Brian Foster <bfoster@xxxxxxxxxx> · Wed, 27 Mar 2019 10:13:59 -0400

On Wed, Mar 27, 2019 at 12:05:52PM +1100, Dave Chinner wrote:
> On Tue, Mar 26, 2019 at 01:13:24PM -0400, Brian Foster wrote:
> > On Fri, Mar 22, 2019 at 08:10:51AM +1100, Dave Chinner wrote:
> > ...
> > > 
> > > So given that inode reclaim already waits for inodes to be unpinned
> > > and there is a xfs_buf_unpin_wait() call in
> > > xfs_bwrite()->xfs_buf_submit() path that will issue a log force on
> > > the buffer from the inode reclaim path, we don't actually need the
> > > log force in xfs_iflush() at all. i.e.  the AIL will capture the
> > > buffer state and unpin inode and dquot buffers automatically, and so
> > > we can simply remove the pinned-buffer log forces from the
> > > inode/dquot flush code....
> > > 
> > 
> > Hmm, where is the log force you reference above in the inode reclaim (->
> > xfs_bwrite()) path if the buffer happens to be pinned? I see the
> > xfs_buf_wait_unpin() in the submit path, but that just waits on the pin
> > count (which I think is safe). It actually looks to me that reclaim
> > could be susceptible to the write delay problem you referenced earlier
> > in this thread without the log force from xfs_iflush()..
> 
> I was thinking that the unpin wait code issued the log force.
> Oh, we only issue a log force in xfs_iunpin_wait(), not in the
> xfs_buf_wait_unpin(). Ugh. My mistake.
> 
> As for the write delay problem, it's entire possible that this could
> occur, but I have no evidence that it is actually a problem for
> reclaim - I have only ever found reclaim blocking waiting on IO in
> synchronous reclaim, never blocking on buffer unpin waits in async
> reclaim. That's not to say it doesn't happen, I've just never seen
> it and I've been looking at inode reclaim blocking vectors quite a
> lot in the past couple of years....
> 

Good info, thanks. So this is something we should at least be cognizant
of, but it sounds like it's not a critical or likely state for reclaim.

> > It also occurs to me that the xfs_iflush() log force isn't blocking
> > because it's a a sync force, but rather because there is already a CIL
> > push in progress.

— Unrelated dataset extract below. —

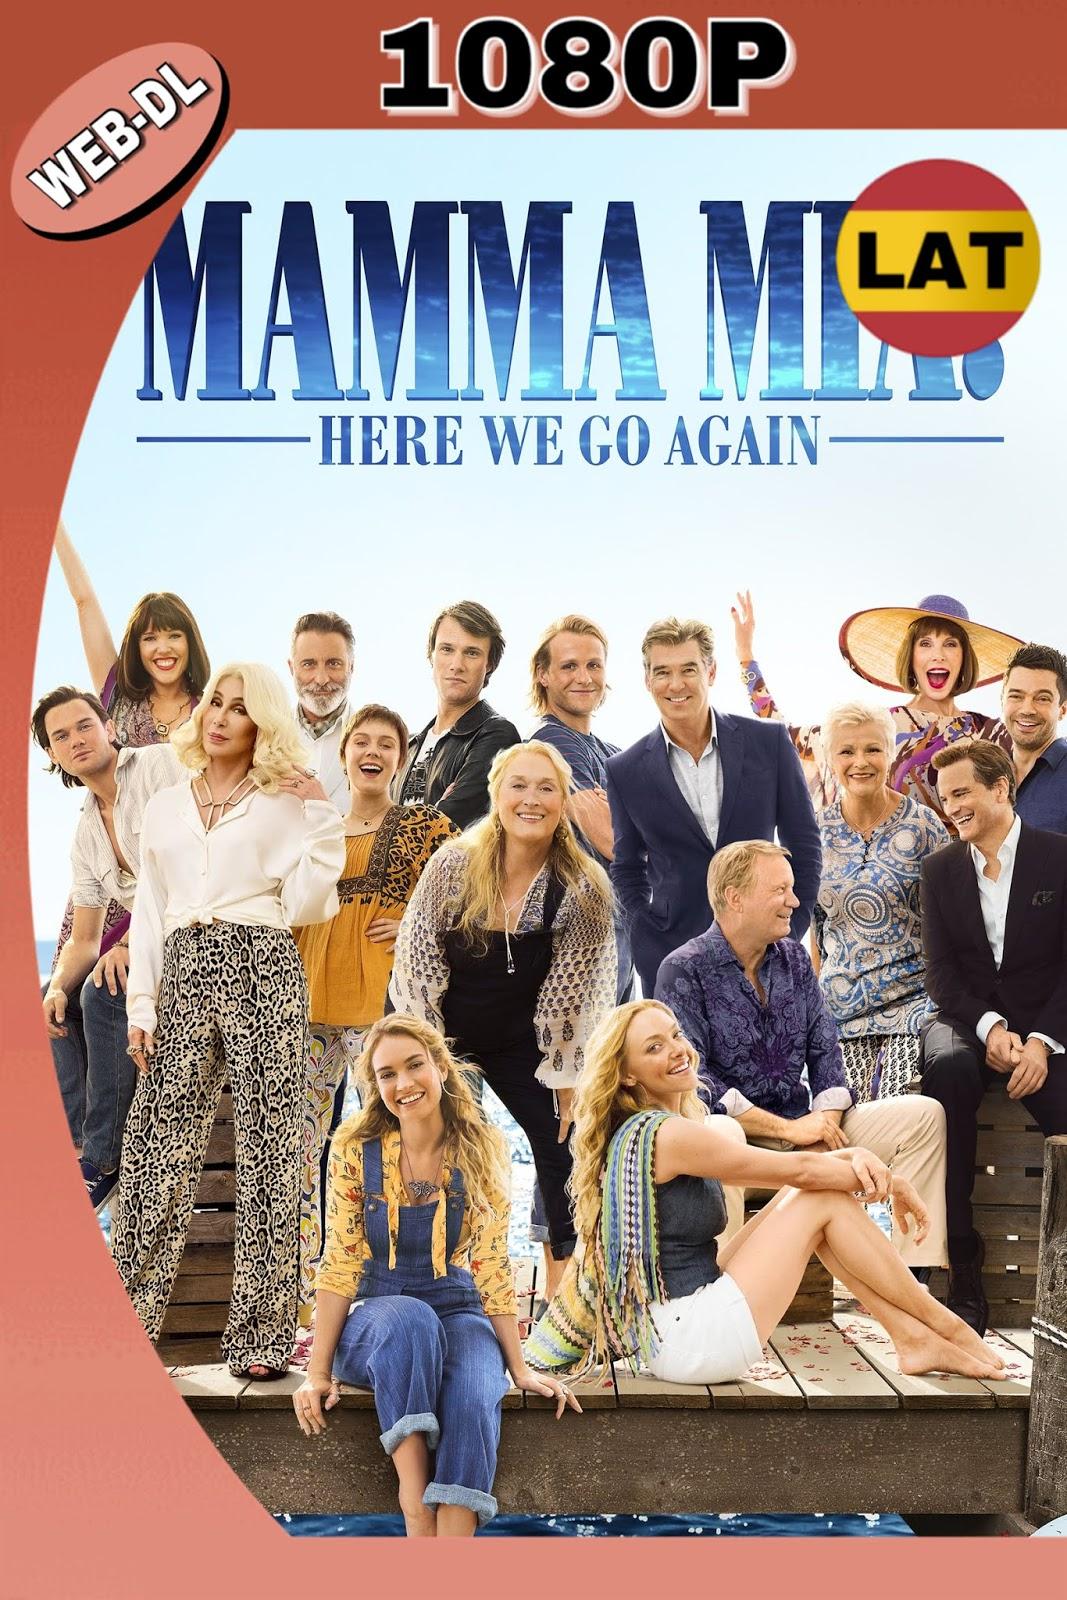 MAMMA MIA: UNA Y OTRA VEZ 2018 LAT-ING HD WEBDL 1080P 4GB.mkv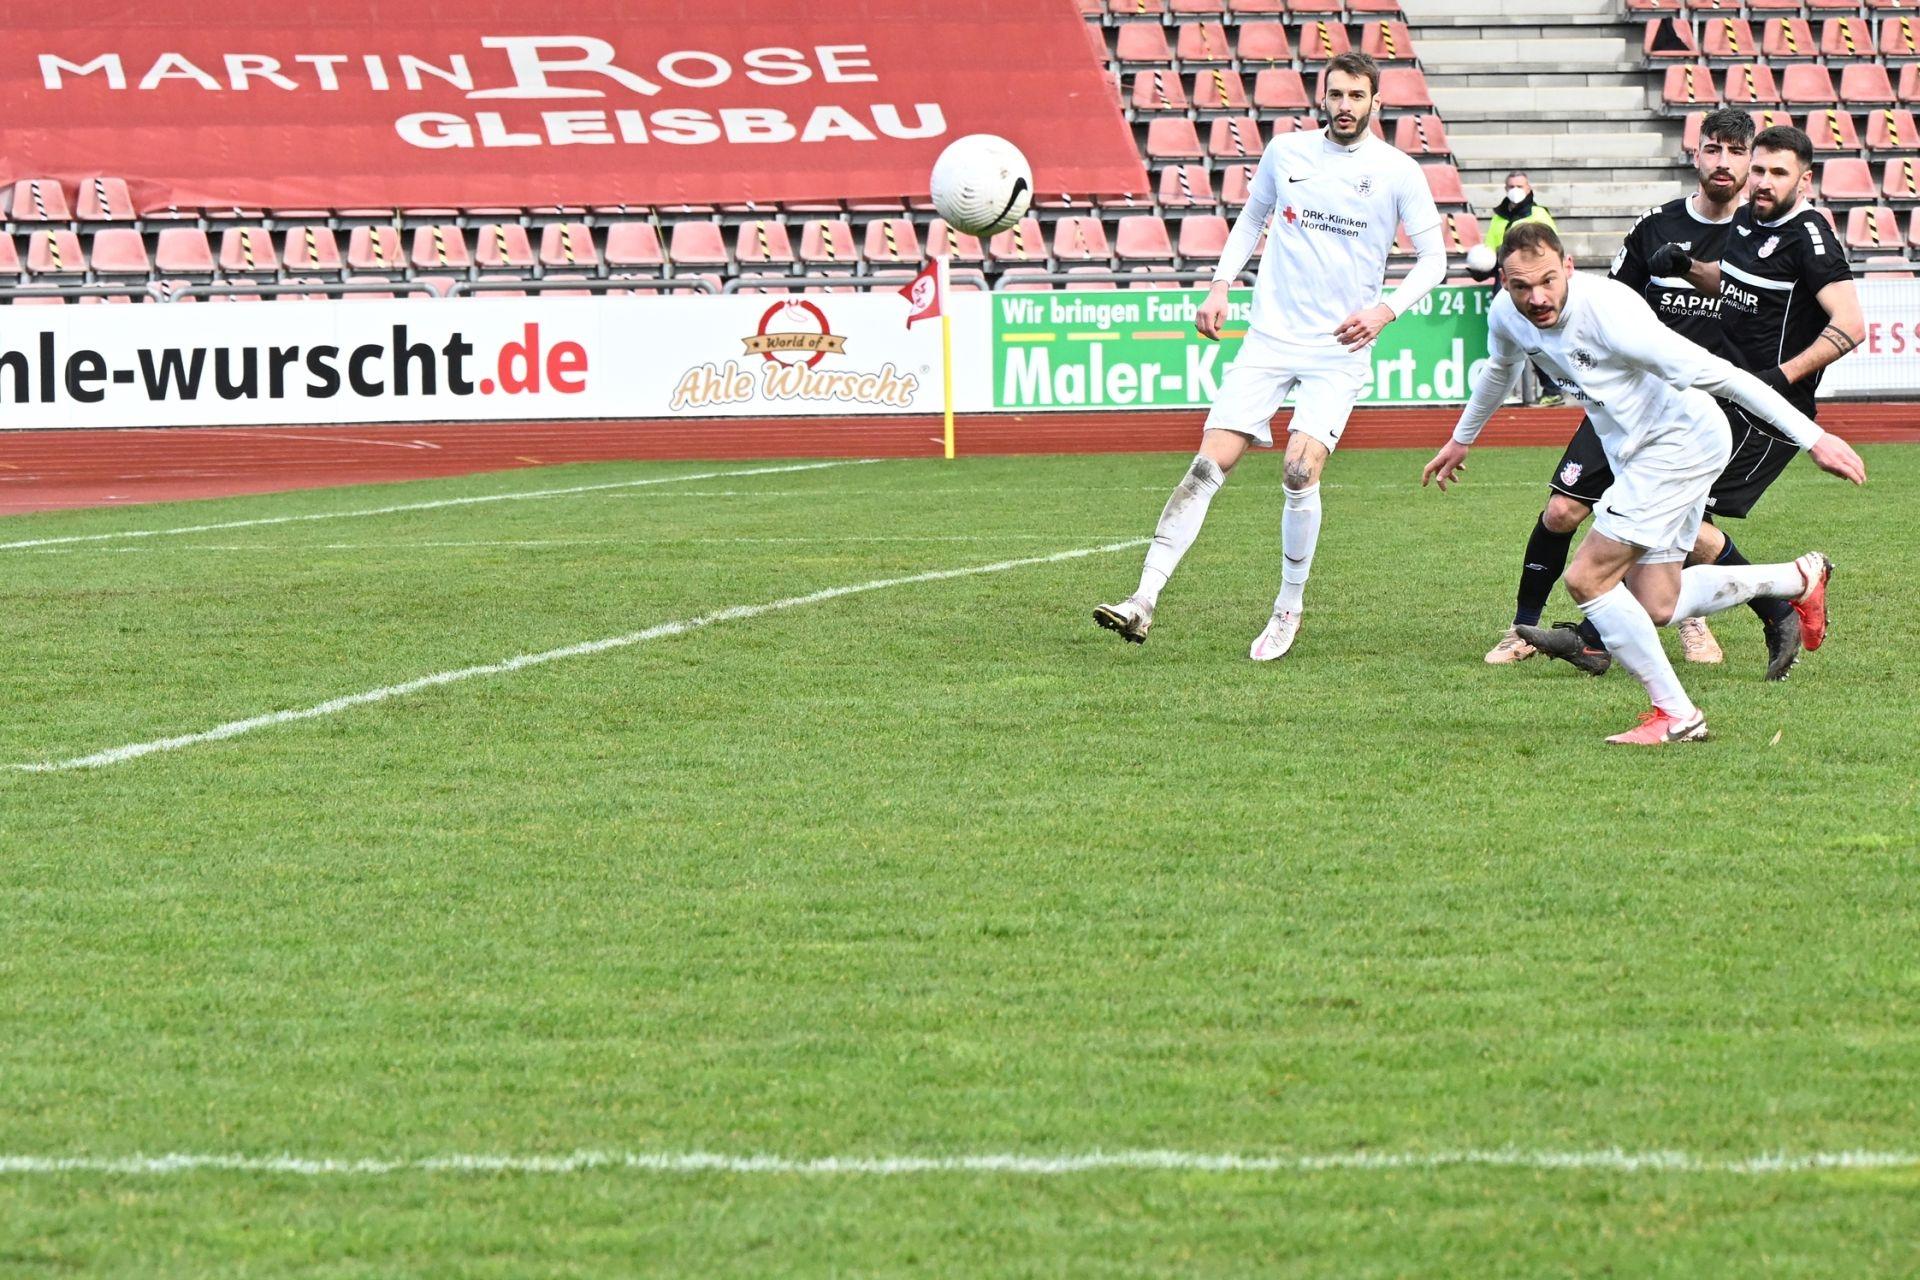 Regionalliga Südwest 2020/21, KSV Hessen Kassel, FSV Frankfurt, Endstand 2:1, Kevin Nennhuber, Robin Urban

The flush_work() call basically means that a non-sync
> > force can either queue a workqueue job and return or turn somewhat
> > synchronous by waiting for whatever push happens to be in progress.
> 
> xfs_log_force() isn't a non-blocking operation - it is supposed to
> write and dispatch all the pending changes in memory. If
> XFS_LOG_SYNC is not set then it does not wait for IO completion - it
> is expected that the caller will then wait on whatever it needs
> unpinning, not wait for everything in the log flush to be completed.
> e.g. this is why xfs_iunpin_wait() does not use XFS_LOG_SYNC - we
> only need to wait for the inode to be unpinned, not everything in
> the log.
> 

Yes, I don't mean to imply it's nonblocking. I was thinking that the
case where we queue the CIL push could prevent the caller from blocking
on the force completion (even though we still wait on the commit
completion). Looking closer, I see that the CIL push is where we
actually abort the CIL context (xlog_cil_push() calls
xlog_cil_committed(..., XFS_LI_ABORTED)) and that occurs before the wake
of the commit completion, so the behavior would probably be the same
even without calling flush_work().

But the interesting thing to note here is that in the normal case,
xc_commit_wait is awoken after submission (at the tail end of
xlog_cil_push()) right when we assign ->commit_lsn. In the abort case,
xc_commit_wait is technically awoken after callback completion
processing in xlog_cil_committed(). This occurs after the
xfs_trans_committed_bulk() call and thus serializes on unpin processing
(where we need the buffer lock).

It's not clear to me why the wake is here. From the code, I assume it's
just to batch things into a single xc_push_lock critical section. We
need a wake somewhere of course because we haven't assigned a commit_lsn
in the abort case, but I wonder if without this particular ordering an
async log force would now be safe from deadlock. For example, if
xlog_cil_committed() awoke xc_commit_wait earlier, the CIL push could
unwind in parallel to the CIL context abort. It already doesn't wait on
log force completion because it's an async force (no XFS_LOG_SYNC), and
thus xfs_iflush() can unwind and (eventually) unlock the buffer. I.e.,
this would be safe for shutdown cases in the same general manner it's
currently safe for the non-shutdown case. Hmmm....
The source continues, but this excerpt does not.